It is important to contemplate all the challenges referenced above during experimental design. We recommend choosing the model system for a particular problem with consideration of the inherent limitations of the techniques. For instance, organisms with short telomeric repeats (e.g. Physcomitrella patens or A. thaliana) are not suitable for the study of methylation patterns in telomeric regions. In such cases, the region of interest is relatively short (a few kbp, which translates into ∼1 µm stretch on a fiber), and it is difficult to interpret the results. As a rule of thumb, the more homogeneous the starting cell population, the better for producing extended fibers. In this sense mammalian cell lines are a ‘go to’ choice. For plant models, it might be advantageous to use suspension cell lines, but this would require protocol optimization to include a cell wall digestion step. Finally, validation of both antibodies and FISH probes on isolated nuclei from plant cells or mammalian cell lines is important, since strong background or low signal-to-noise ratio can lead to false positive results (for the validation of probes used in this paper, see Fig. S7).

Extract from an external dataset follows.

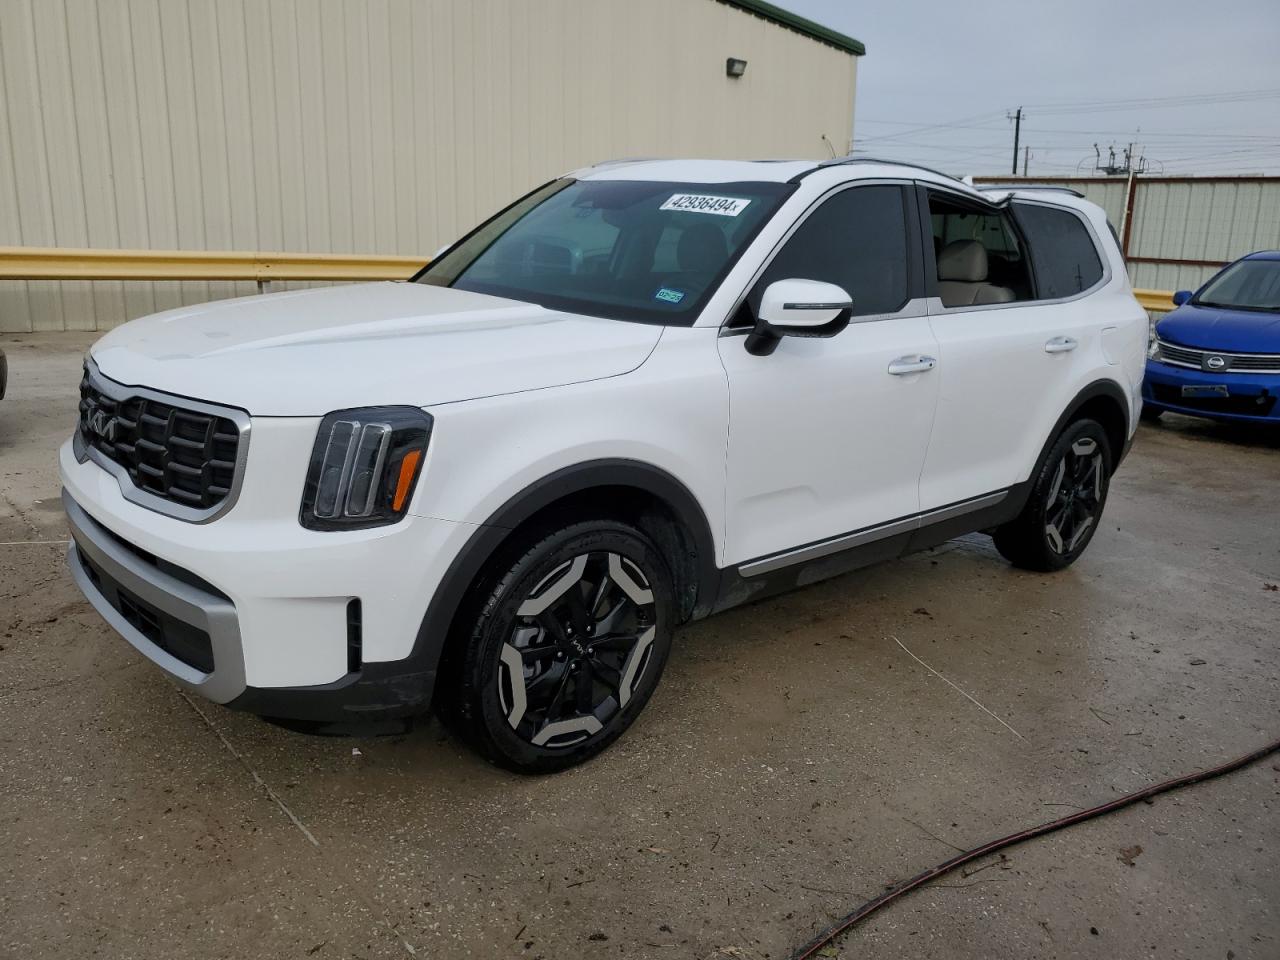 vin: 5XYP64GC8PG376793 5XYP64GC8PG376793 2023 kia telluride 3800 for Sale in 76052 3840, Tx - Ft. Worth, Haslet, USA

In conclusion, our paper introduces an optimized, reproducible fiber preparation protocol that facilitates parallel preparation of several samples at the same time. Importantly, we show how different super-resolution microscopy techniques can be successfully applied to study the distribution of histone marks in chromatin fibers and how DNA fibers can be a versatile tool to study overall methylation patterns in telomeric, pericentromeric and ribosomal repeats. Even though widefield imaging is sufficient for some types of analysis (e.g. analysis of DNA fibers), we note that using super-resolution microscopy can be useful when assessing samples with clustered chromatin fibers and overlapping histone mark signals. First, colocalization analysis can yield false positive results due to limited resolution of widefield imaging. Second, the fluorescence signals of particular histone marks (especially those marking actively transcribed regions, such as H3K4me3 or H3 pan-acetylation) might appear continuous in widefield microscopy, but they are clearly discrete when examined using super-resolution microscopy. Last, but not least, STED and STORM microscopy allow clear discrimination between fiber bundles and single fibers. This distinction is vital for data analysis and might not be straightforward for inexperienced users of conventional microscopy. We have demonstrated that DNA fiber extension is useful for the study of individual clusters of repeats (e.g. one telomere or one nucleolus organizer region) and their methylation profiles using our newly developed image analysis tool. Besides the experimental advances presented above, we have also discussed technical challenges and limitations concerning these techniques and offered suggestions for experimental design considerations when planning to use extended fiber methods.

Plant growth

Arabidopsis thaliana seeds were sterilized (90% ethanol, 5 min) and plated on half-strength agar Murashige and Skoog medium (½ MS medium; Duchefa Biochemie, Haarlem, The Netherlands) with 1% sucrose. Seeds of Nicotiana tabacum were first drenched in distilled water, then sterilized by two washes in 90% bleach and 10% Tween-20 (2 min each). Seeds were then thoroughly washed in distilled water (3×10 min) and transferred onto ½ MS medium with 1% sucrose. After 1 day stratification (4°C in the dark), plates were transferred to a growth chamber and grown for up to 2 weeks under long-day conditions (16 h light at 21°C, 8 h dark at 19°C; 50–60% relative humidity). Seedlings were then collected directly from plates and used for isolation of nuclei.

Mammalian cell culture

The human embryonic stem cell line CCTL14 has been characterized previously (The International Stem Cell Initiative, 2007) and was propagated on mitotically inactivated mouse embryonic fibroblasts (MEFs) from the CD1 mouse strain (Dvorak et al., 2005), and experiments were performed in feeder-free culture (Krutá et al., 2014; Kunova et al., 2013). For differentiation, CCTL14 human embryonic stem cells were propagated in human embryonic stem cell medium (hES; Fojtík et al., 2021) without FGF2 and supplemented with 10% fetal bovine serum (10270106; Thermo Fisher Scientific, Waltham, MA, USA) for three successive subcultures (12 days) until they started showing morphological changes related to differentiation.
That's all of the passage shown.